Seducing Doctor Lewis

Seducing Doctor Lewis

As long as there are quirky waterfront villages in the world, there will be movies like Seducing Doctor Lewis, with city folk learning the simple life from sharper-than-they-look bumpkins. Seducing Doctor Lewis—the top-grossing movie of 2003 in its native Quebec—draws strongly from genre benchmark Local Hero and the TV series Northern Exposure, but director Jean-François Pouliot and screenwriter Ken Scott let cutesy eccentricity steamroll poignant humanism. Even the soundtrack is filled with one of those jaunty accordion-and-clarinet scores that announces at every second how life's a goddamned carnival.

David Boutin plays the title character, an amiable but morally weak surgeon who gets in trouble with the law and is sentenced to a month's community service in the crumbling fishing community of Ste. Marie-La Mauderne. Not coincidentally, the people of Ste. Marie-La Mauderne are trying to convince a plastic-container concern to build its new factory there, but they need to have a doctor in residence for at least the first five years of the contract. So the Maudernians, led by grizzled, determined Raymond Bouchard, set about learning all they can about Boutin in order to make their town the doctor's ideal. When they find out he likes cricket, they learn how to play cricket, and when they find out he likes avant-garde jazz, they ask a jazz-hating local musician to pretend he's an aficionado.

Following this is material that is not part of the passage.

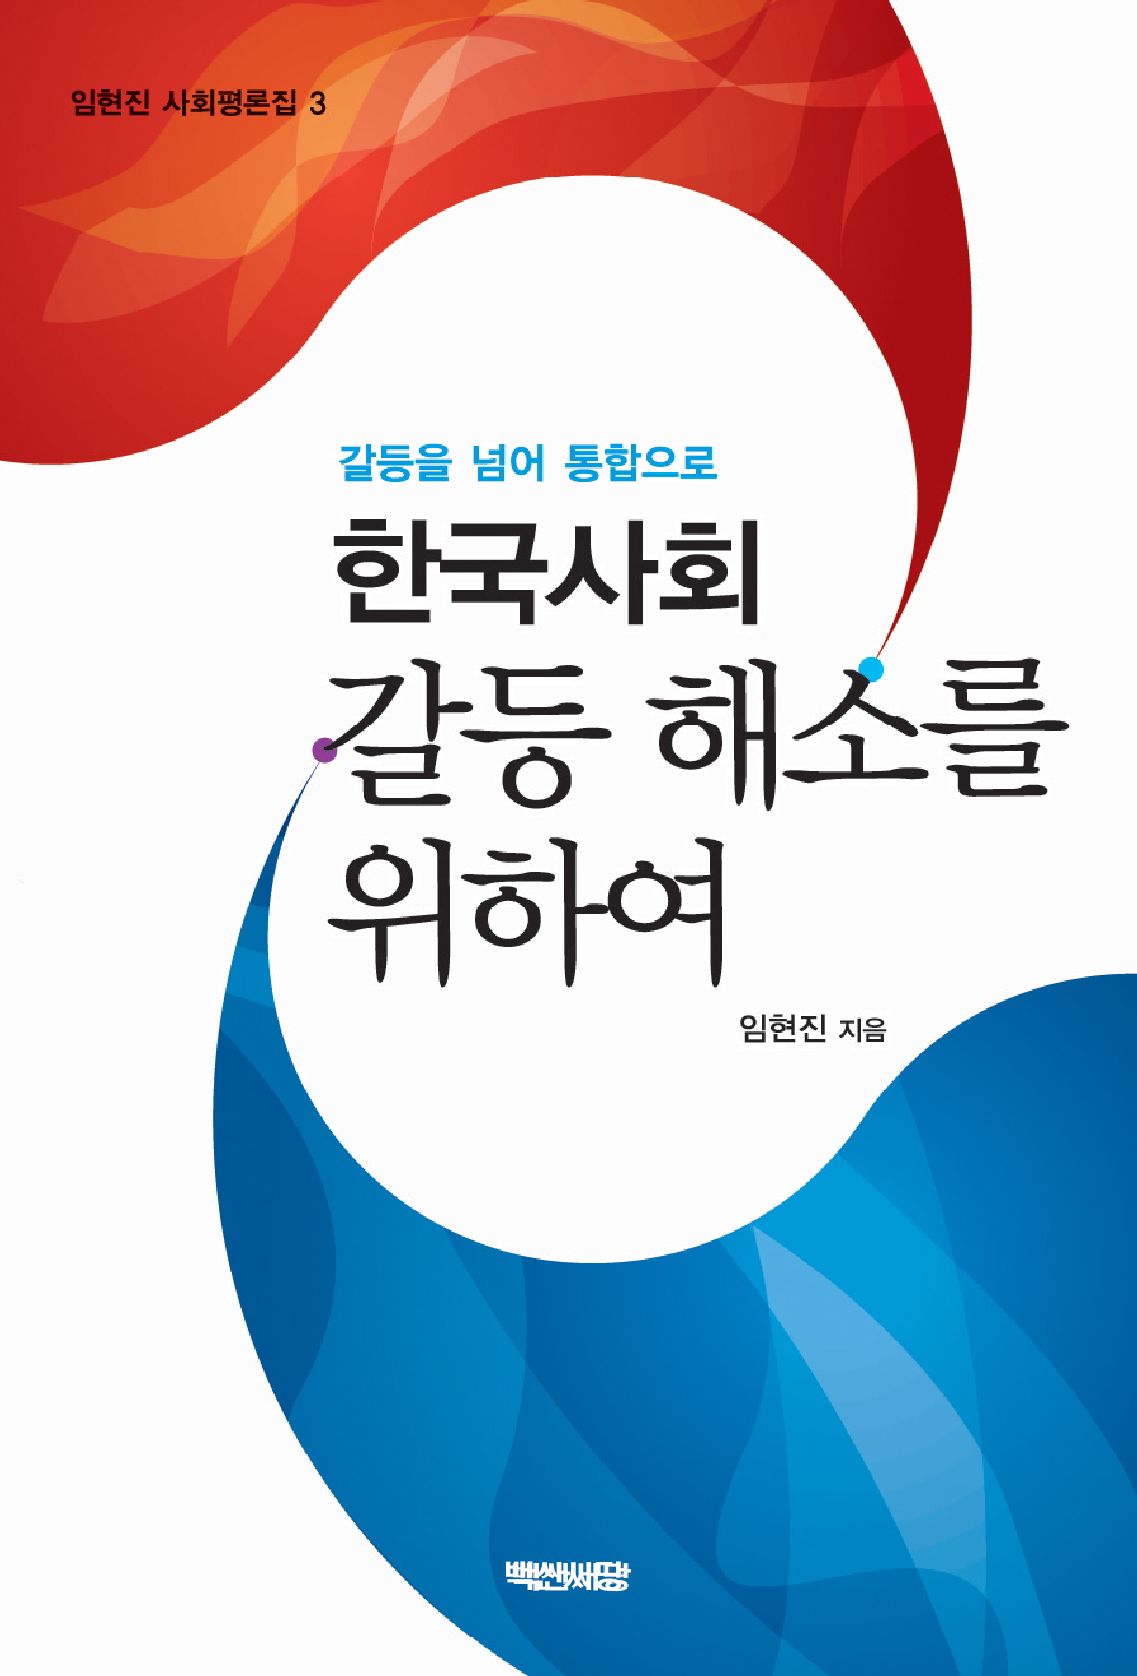 한국사회 갈등 해소를 위하여

There's comic potential in the film's premise, which has a whole community remaking itself in one man's image, but Scott and Pouliot go too broad too often. Why have Boutin like cricket and jazz instead of baseball and R&B? Because cricket and jazz are weirder and easier to mock. It's the same reason officious town banker Benoît Brière has to have oiled-back hair, a sweater-vest with a bow tie, and glasses: It makes him look nerdier, and more removed from his neighbors.

To the film's credit, Brière's character is deepened some as the story plays out, and the filmmakers don't let the town off the hook for being spies and liars. But in their attempt to make rural life look magical, Scott and Pouliot dehumanize their characters, substituting quirks for true individuality. The groupthink behind the townspeople's plan is a dead giveaway: Who would have guessed that such a heavy majority of exurbanites would want to spend the rest of their lives making Tupperware?